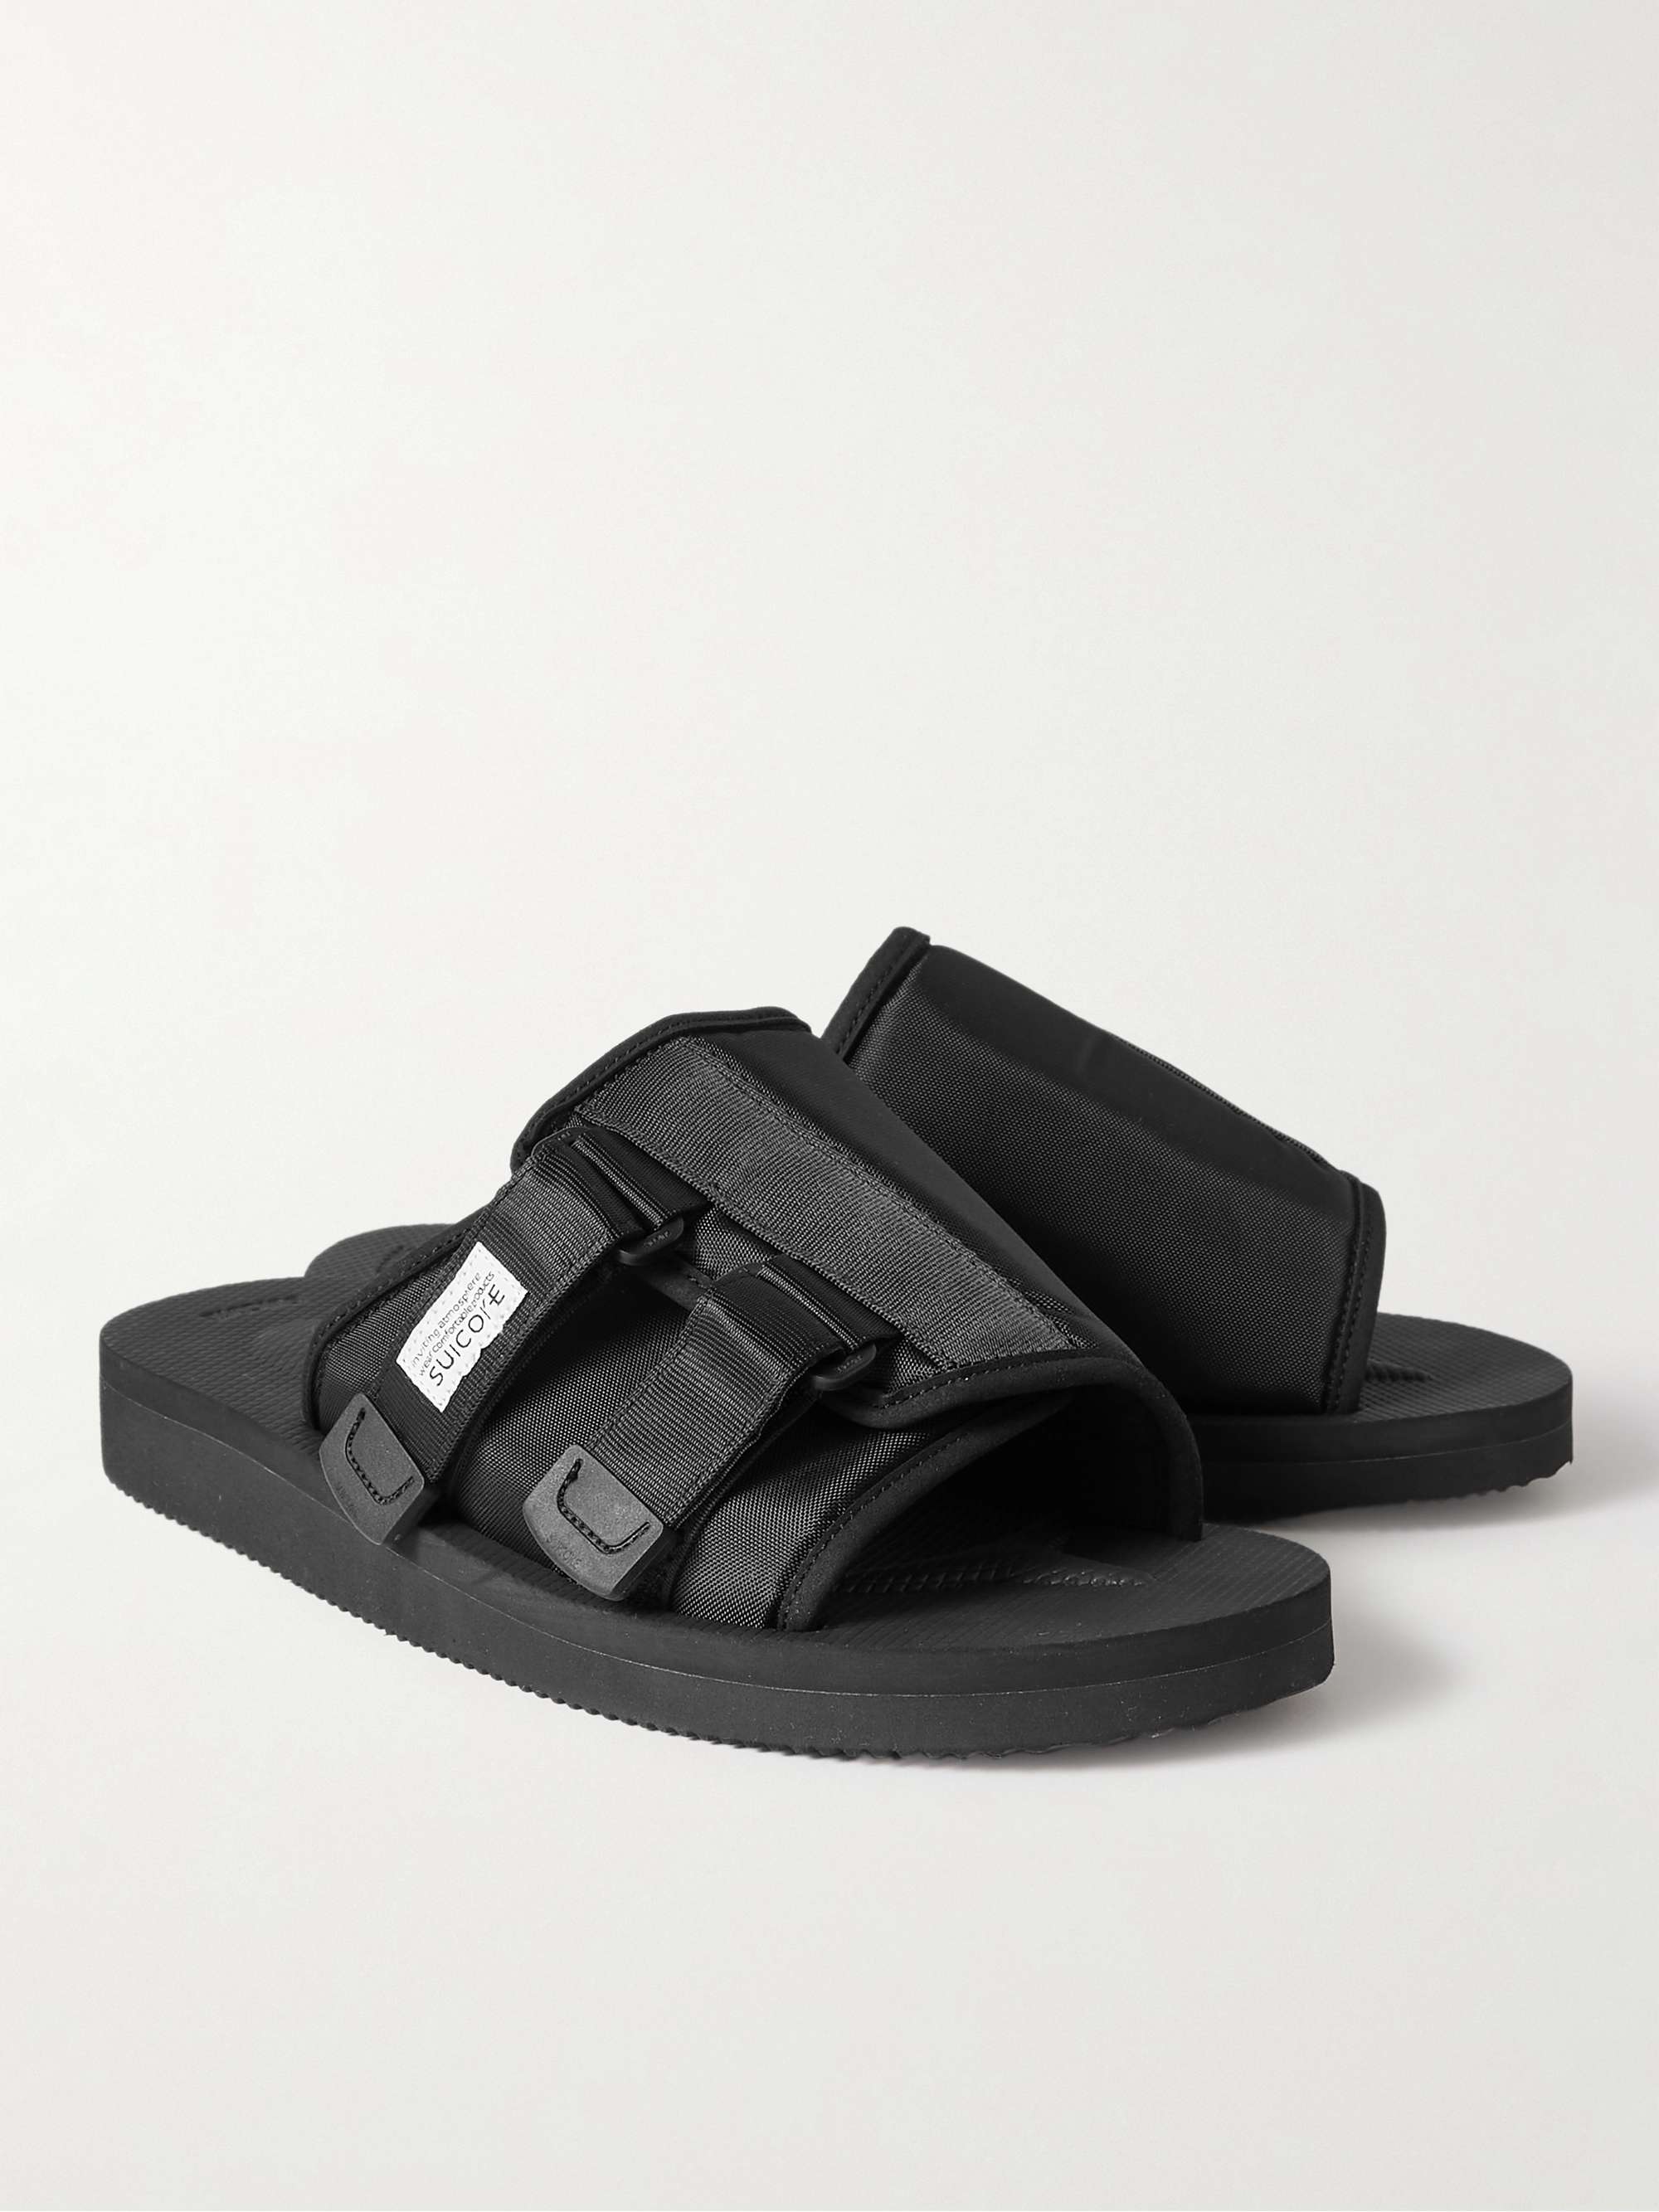 SUICOKE KAW-CAB Webbing-Trimmed Shell Sandals for Men | MR PORTER
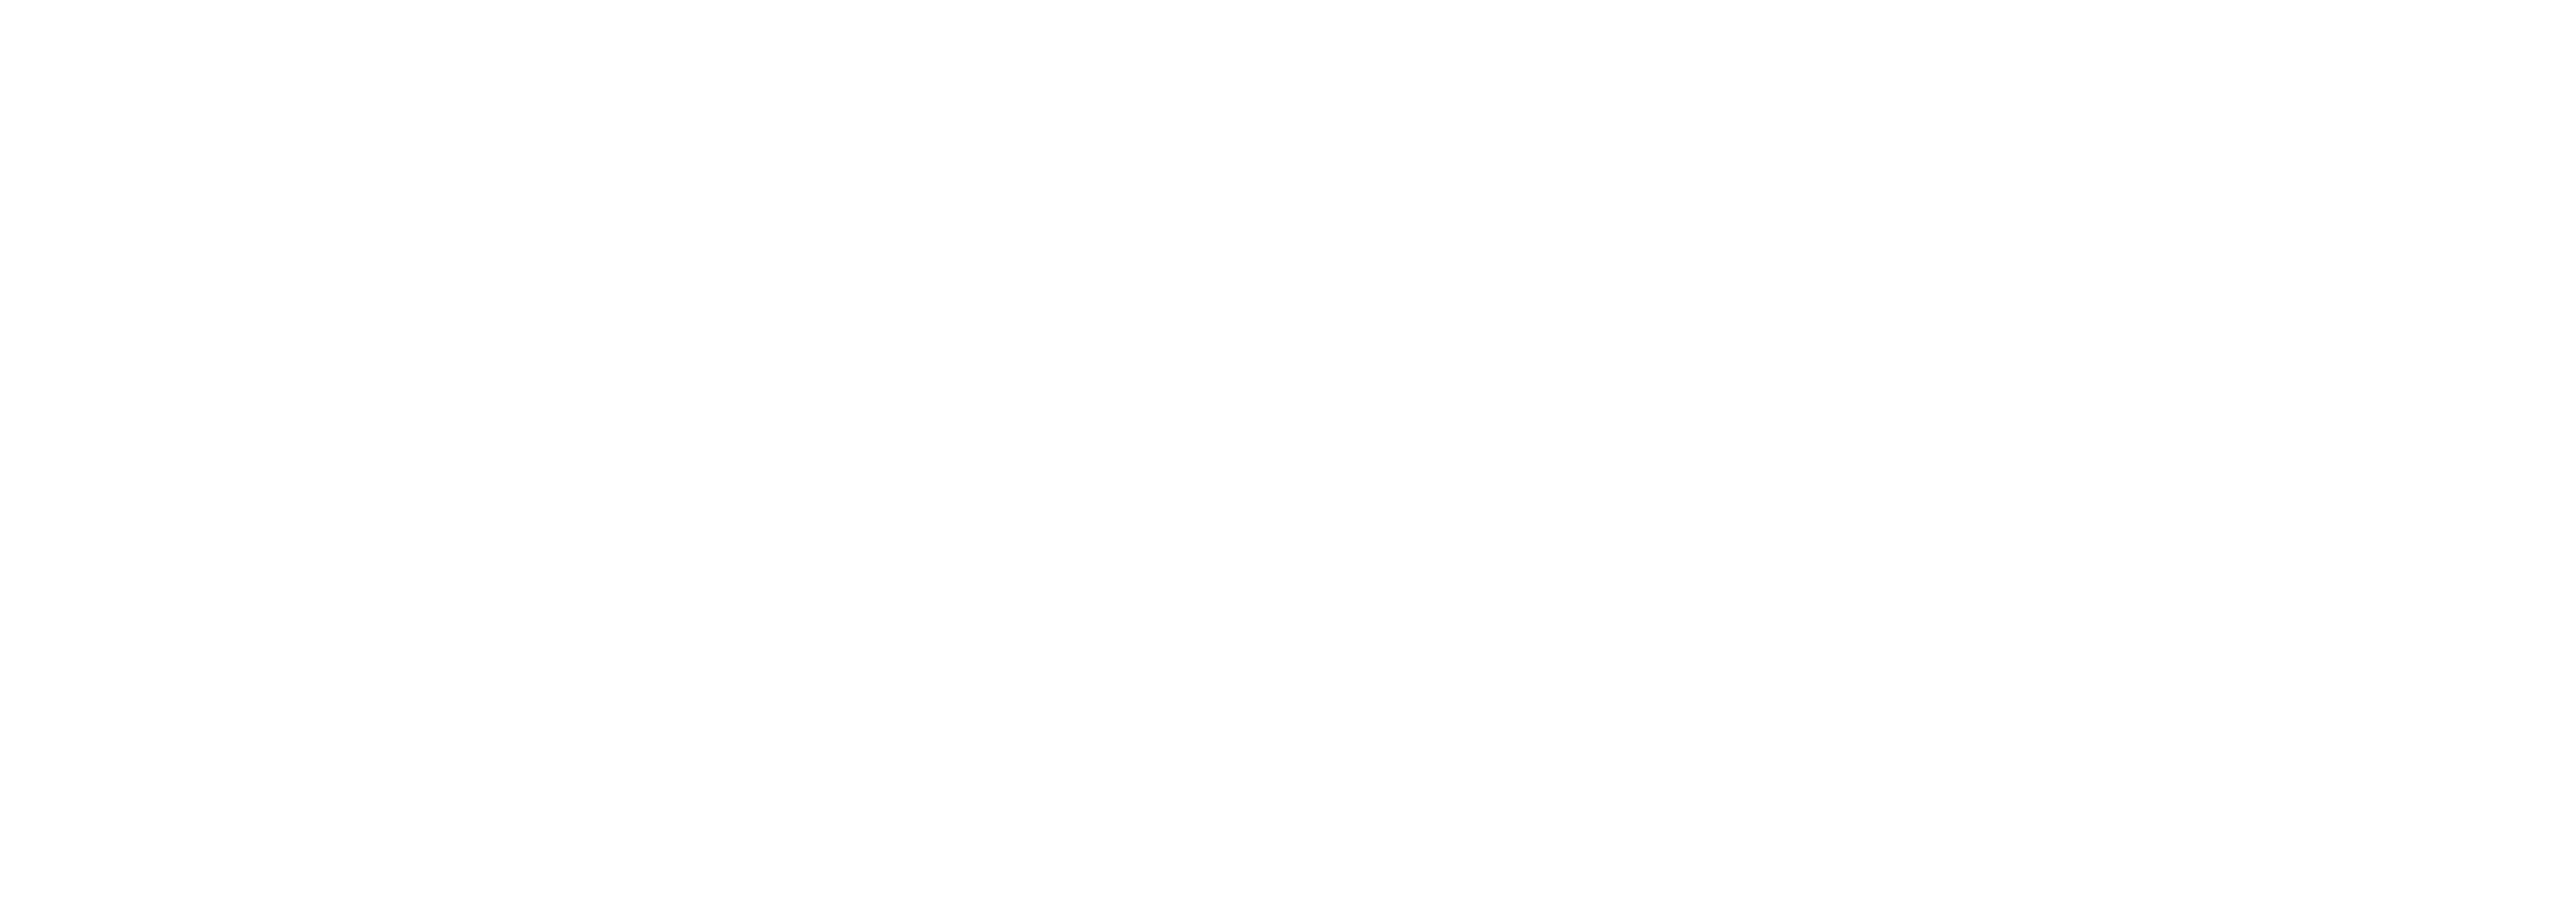 Domnican Restarant Logo - Home - Casa Del Campo Long Island - Dominican Restaurant | Casa Del ...
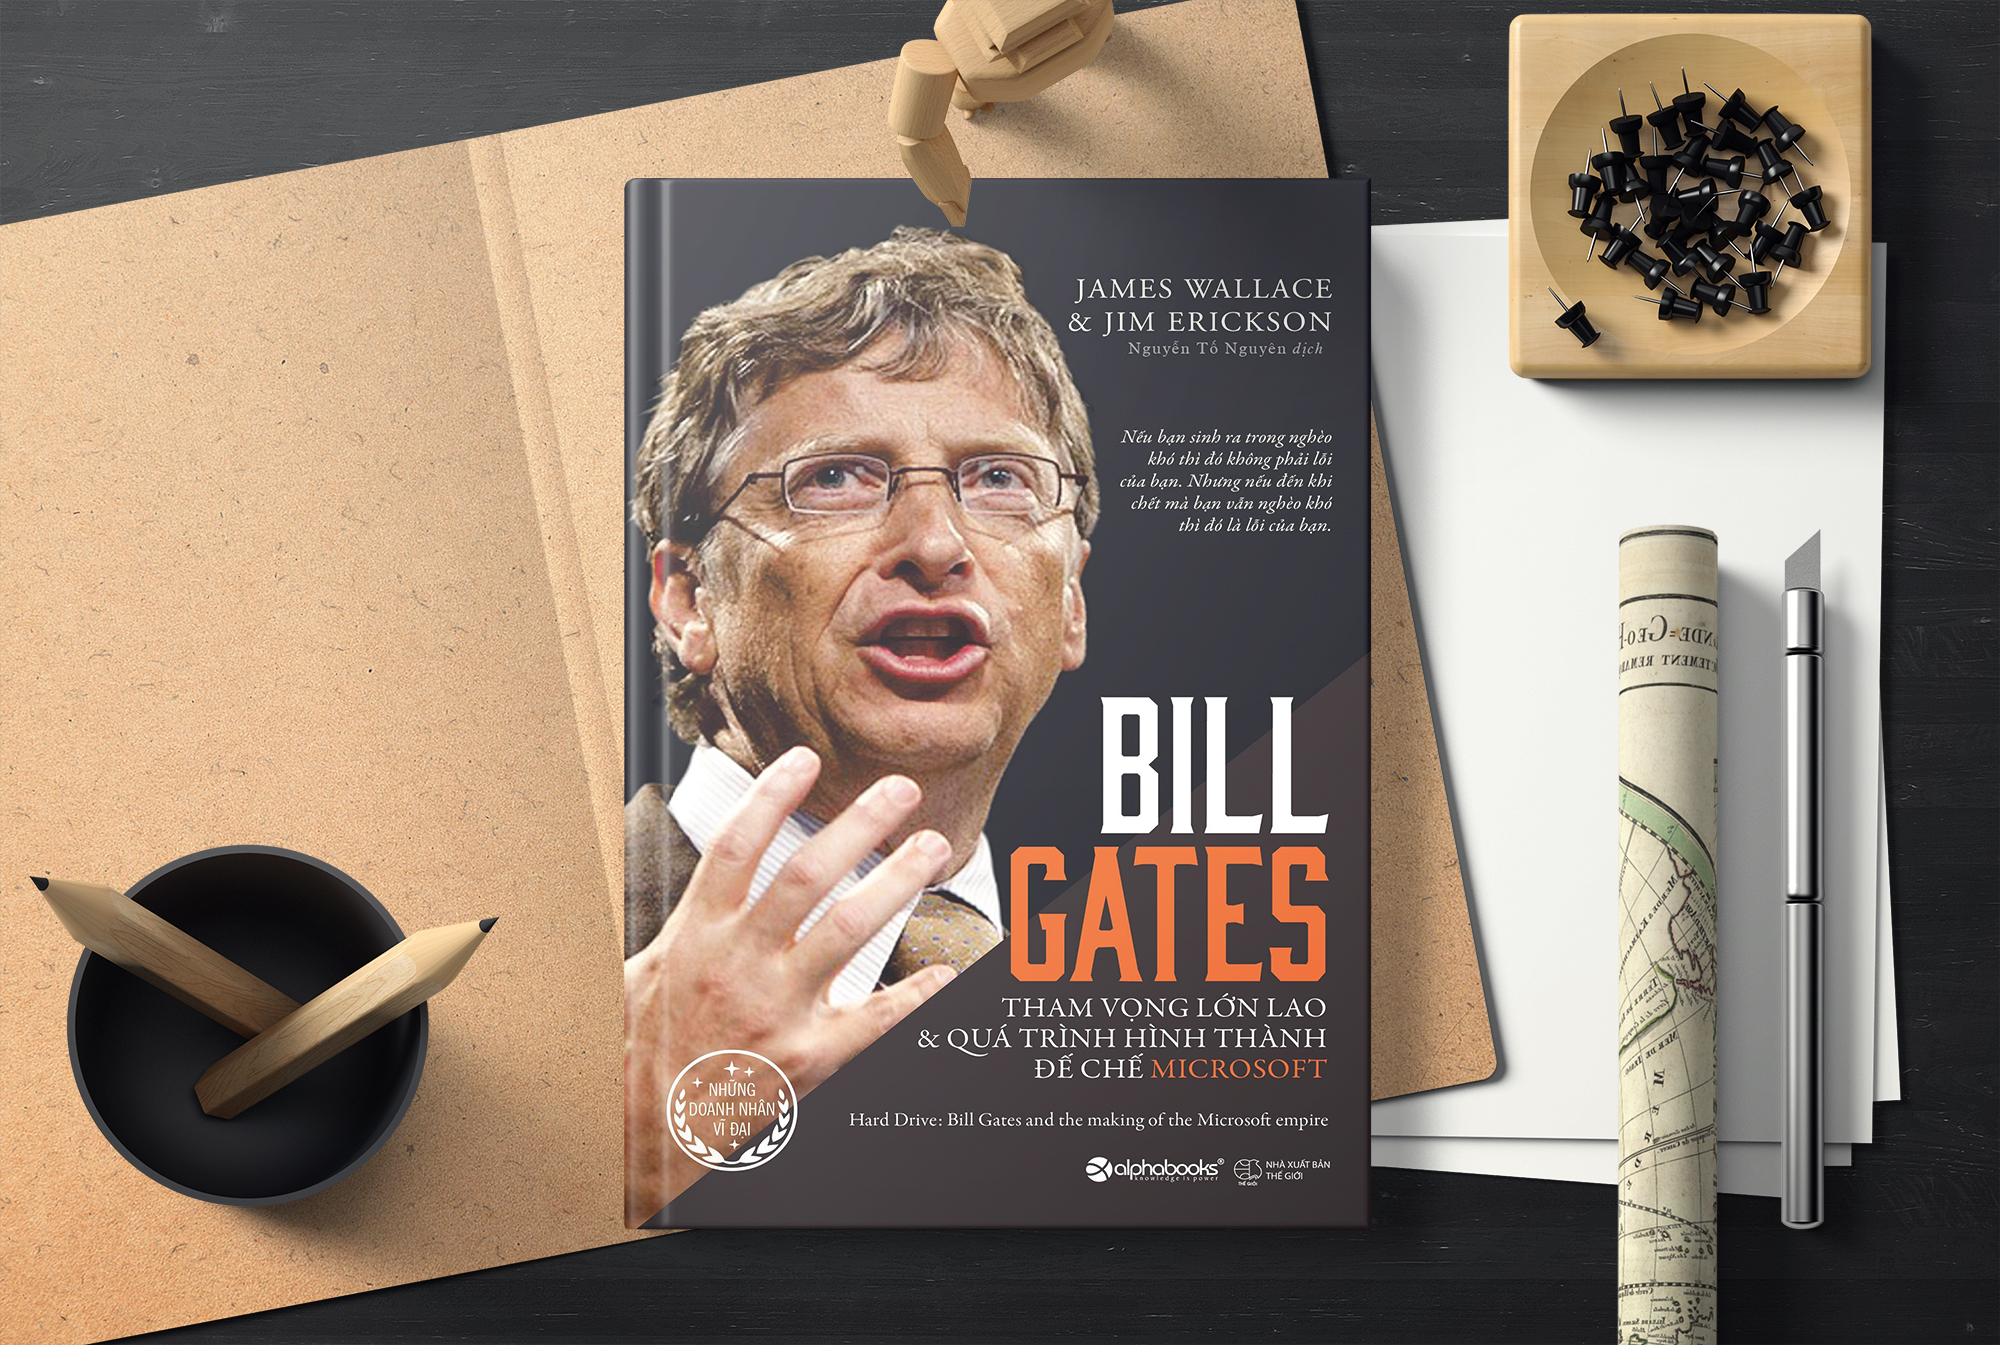 Bill Gates - Tham vọng lớn lao và quá trình hình thành đế chế microsoft#= Hard drive: Bill Gates and the making of the Microsoft empire
·····
The full text of the data above, exact and without pictures, is what to return.

* [TASK ANSWER]:
 SUICOKE KAW-CAB Webbing-Trimmed Shell Sandals for Men | MR PORTER
 Domnican Restarant Logo - Home - Casa Del Campo Long Island - Dominican Restaurant | Casa Del ...
 Bill Gates - Tham vọng lớn lao và quá trình hình thành đế chế microsoft#= Hard drive: Bill Gates and the making of the Microsoft empire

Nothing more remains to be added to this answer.